To say that LLMs have very limited usefulness at present is not to say that they will never be useful at all. The software is a capable assembler of words. What is needed, above all, is a way to tell the software not to make up authority. This may be harder than it looks, because the software essentially looks for words that are used together in its source material. It is only a sophisticated word-association machine; it does not actually think or reason. A collection of words which are commonly used together in different contexts is not necessarily true. "Prior" may be commonly used with "case law," and "real" may be commonly used with "problem," but it is not at all true that all prior case law is a real problem. Indeed, experts have suggested that it may be impossible to completely prevent any LLM from relying on false authority. See Lucas Mearian, AI Deep Fakes, Mistakes, and Biases May Be Unavoidable, but Controllable, Computerworld (May 4, 2023), https://www.computerworld.com/article/3695508/ai-deep-fakes-mistakes-and-biases-may-be-unavoidable-but-controllable.html.

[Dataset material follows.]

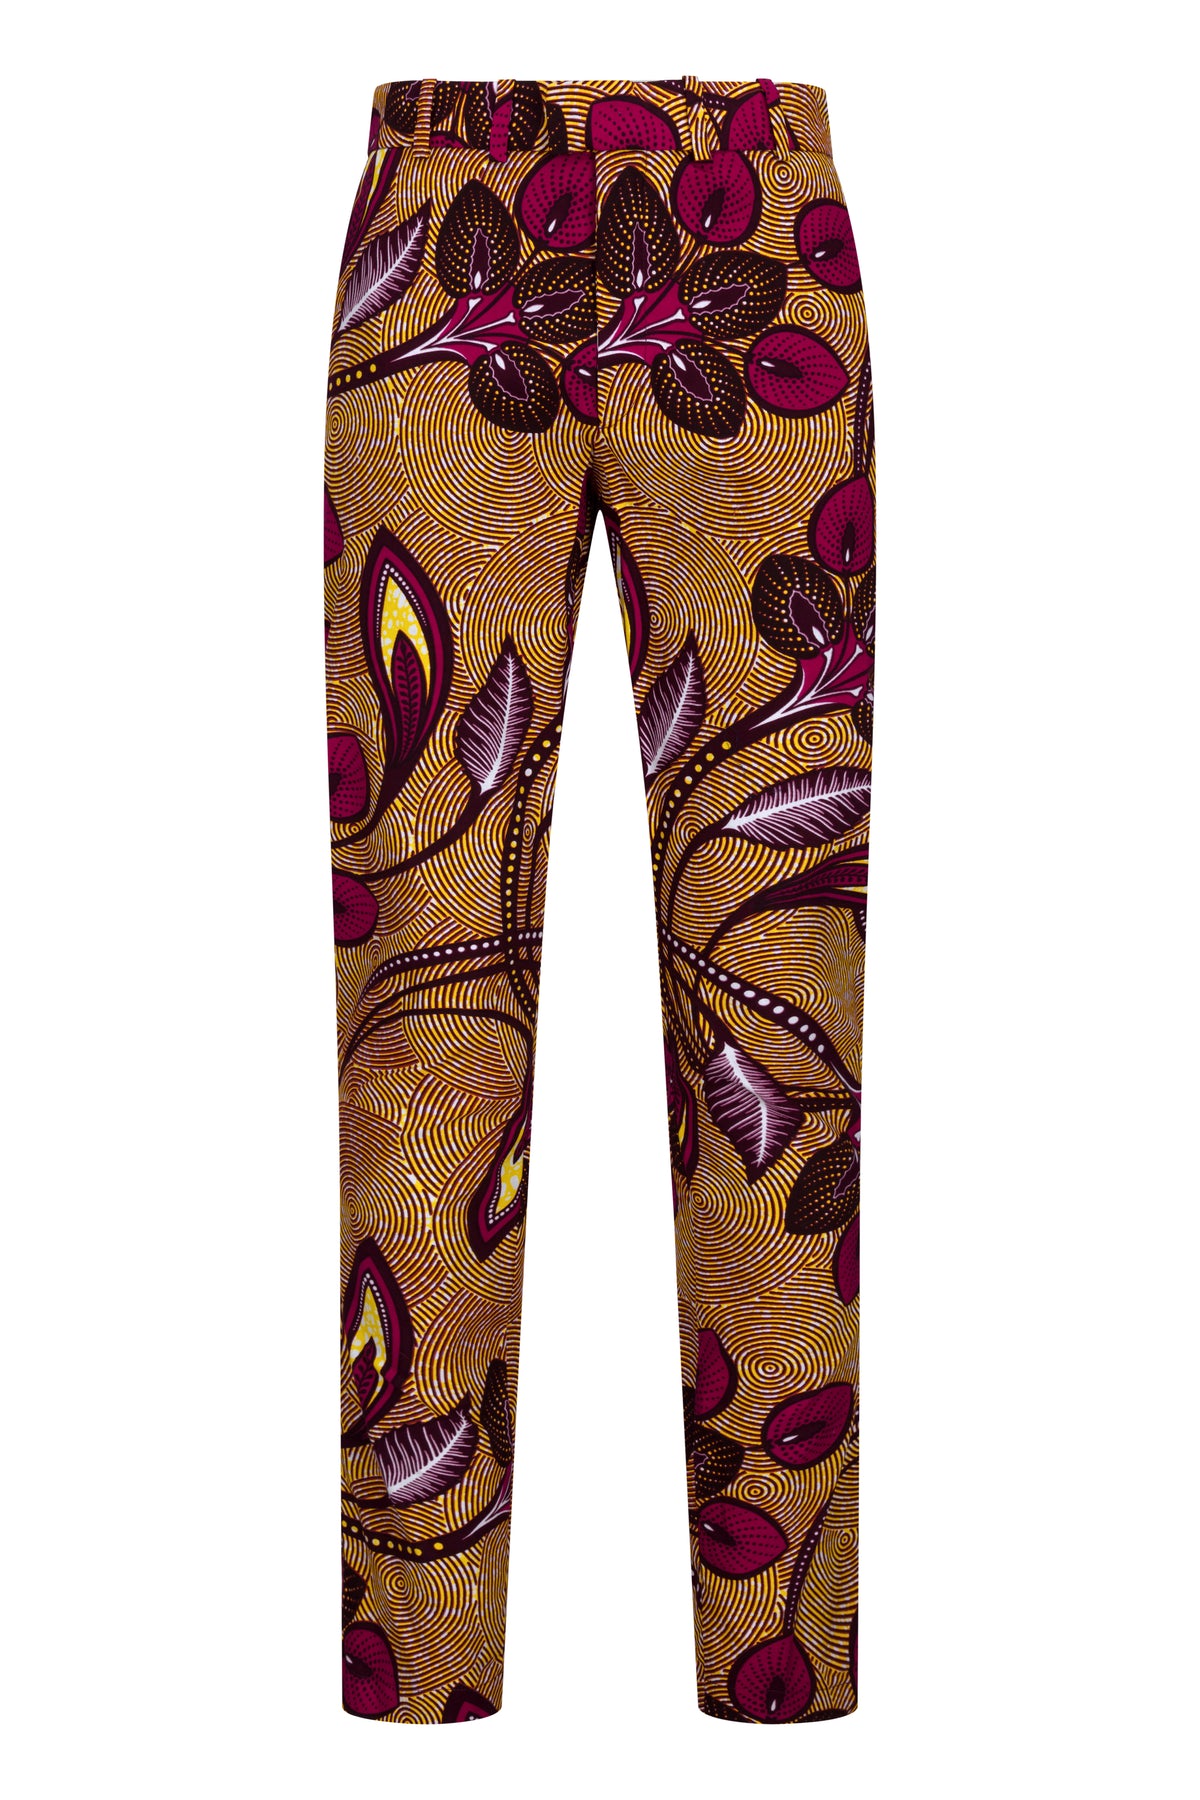 Osei straight leg trousers-Wine Floral - OHEMA OHENE AFRICAN INSPIRED FASHION

More generally, the main path to better software for helping attorneys make arguments may lie elsewhere. ChatGPT helps computers and humans communicate, but it does nothing to help computers to find helpful case law. Rather, ChatGPT avoids the issue by making up its own case law. By doing so, ChatGPT is running directly away from the core problem of legal research—finding real, actual, existing case law which helps an attorney make an argument.
At the National Legal Research Group, we have been using cutting-edge digital research tools for many years. Computers are an essential tool which our research attorneys use every day to find cases for our clients. But even the best computer software for legal research is no substitute for the reasoning and writing ability of the human brain. We are following developments in the LLM field closely, and we are committed to using computers in the most efficient and effective way possible. At present, however, LLMs in general and ChatGPT in particular, when used for legal research, create much more risk than benefit.